No, not that “F” word. The word I’m talking about is “feminist” — as in, I am a feminist. And until my very first experience communicating on the Internet I did not know that anyone other then a troglodyte would jeer me for saying that. I got my education about it on Brin-L, aka the Brin list, a science fiction discussion list that in my opinion is one of the best places to be on the net. But I digress.
On Brin-L I first encountered otherwise intelligent men who paled at the mention of the “F” word. So far as they were concerned, only ugly, hairy man-haters became feminists. (Since we didn’t post photos they had no way to know that I am, in fact, ugly and hairy.) We had many spirited discussions, and I think we understood each other. And I learned that feminism had fallen out of fashion.
So herein, I explain why the events of my life created in me a radicalism that includes that most radical of beliefs: Feminism, a belief in the social, political, and economic equality of the sexes. (Go ahead and look it up.)
I was born in 1953, which means that when I was old enough to get a job — and all teenagers got jobs in those days since we all had to work like dogs and didn’t have it easy like today’s teens — the employment opportunities were scarce. There was a recession going on. Looking at the Help Wanted ads was depressing. I can see it now: four pages, divided into “Help Wanted Male,” and “Help Wanted Female.”
No, I kid not. In those days even the fast food places divided their job offers by gender. The boys got to be short order cooks, and the girls made due with waitressing and cash register work. Naturally, the boys were paid more, since everyone knows that flipping hamburgers is harder than facing customers. And anyway, girls are needed on those cash registers, where they are more available to the dirty old middle-aged men who want to make complete jerks out of themselves by coming on to girls young enough to be their daugters.

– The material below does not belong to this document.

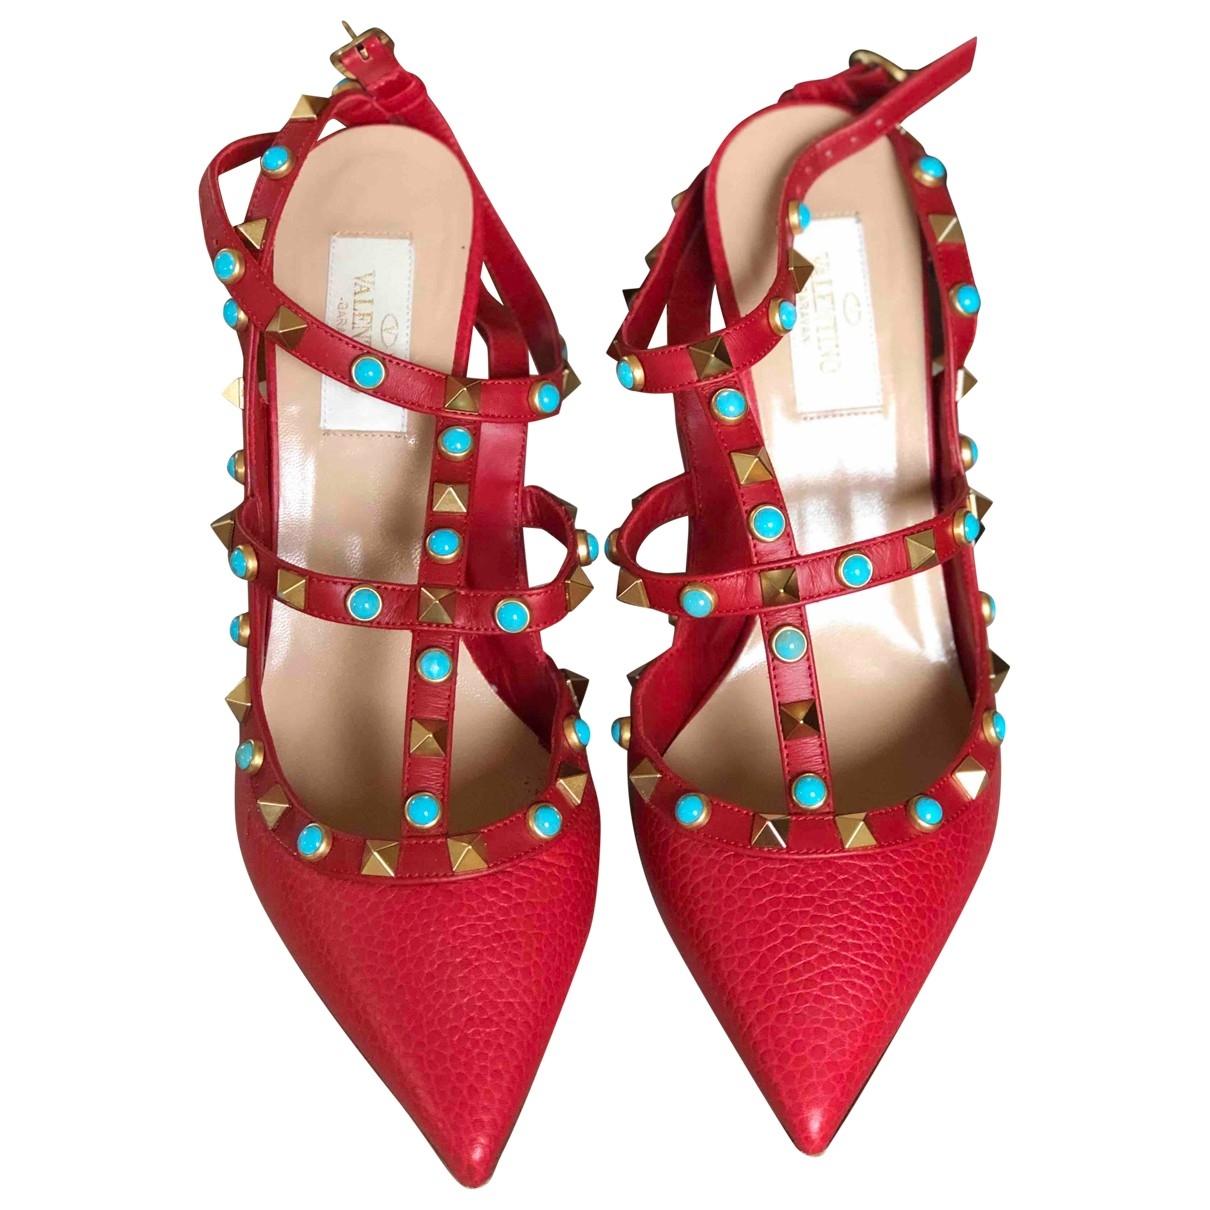 Valentino Garavani Rockstud Red Leather Heels for Women 38 EU

Can you guess what my first job was?
It wasn’t bad enough that I had to deal with lechers. I also worked for a boss who thought it was witty to announce publicly and loudy, each time I entered his presence, “Vera doesn’t want to tell me her bust size!” I was shy, soft-spoken, and embarrassed to death every time he made this announcement. But there wasn’t a thing I could do about it, because in those days people thought these things were all in good fun and girls should be clever enough to handle it.
I eventually got other, better jobs. For instance, the summer between my junior and senior years of college, I was selected to be an intern in the office of an actual Member Of Congress. This was thrilling; I was a political science major and internships were few and far between. I was not so thrilled when I was assigned the job of answering constituents’ letters. The division of labor made sense to the congressman’s office manager: female interns responded to constituents; male interns attended committee hearings and took notes so they could report back to the congressman (whom I rarely saw) and fill him in on current events.
I understood the office manager’s philosophy better after the day he locked me in a closet and yelled “I’m not letting her out until she agrees to show her legs!” And when he accused me of penis envy (yes, he actually used that expression) because I objected to his behavior. This time I didn’t put up with it; I quit. I would have preferred getting a new assignment, or getting help from the head of the intern program in dealing with the sexual harrassment, but these were still the old days. My only recourse was to give up the “great opportunity” that I had been so thrilled about.
Such growth experiences were not limited to places of employment. As a member of the first cohort of women admitted to the Yale doctoral program in political science, I was treated to this comment by one of the male graduate students (who we later nicknamed “little nose”): “Oh, you must be one of the women they had to admit to avoid being sued.” I was about a million times smarter than that guy, but I didn’t know it at the time. I was intimidated, which I guess is what he intended, though later I got really mad. And I didn’t finish the program, but neither did most of the women. In fact, I think of our cohort only one went on to actually finish the PhD. (Most switched to other graduate programs; I was seduced away by a little thing called the personal computer.) Looking back, I realize that most of us women didn’t have faculty mentors — a must-have for a doctoral student. The all-male faculty just didn’t know how to “relate” to female students, and we were like fish out of water.
Now, I wouldn’t want anyone to think that my life has been one sexist encounter after another. I have had many great jobs working with people who are truly amazing. And the experiences have gotten better and better: I am more comfortable at my current position at Flock than I’ve ever been. Things have definitely changed. For the better.
But I want these new people with whom I work to understand where I’m coming from (to use an old California expression). I want to explain myself and other women my age, especially ones who have worked in male-dominated professions, who are radically, defiantly feminists, even when people laugh or call us ugly and hairy, or shrill and obnoxious, or whatever the latest stereotype is. When we encounter people who think feminism is a dirty word, or (worse) young women who scoff at the women’s movement and find it irrelevant, we’re likely to get our backs up.
So that’s it. Frankly, I don’t see how I could have NOT become a feminist. And if I’m a little sensitive on the subject, well, I guess folks will just have to love me for what I am — an old-style, second-wave feminist.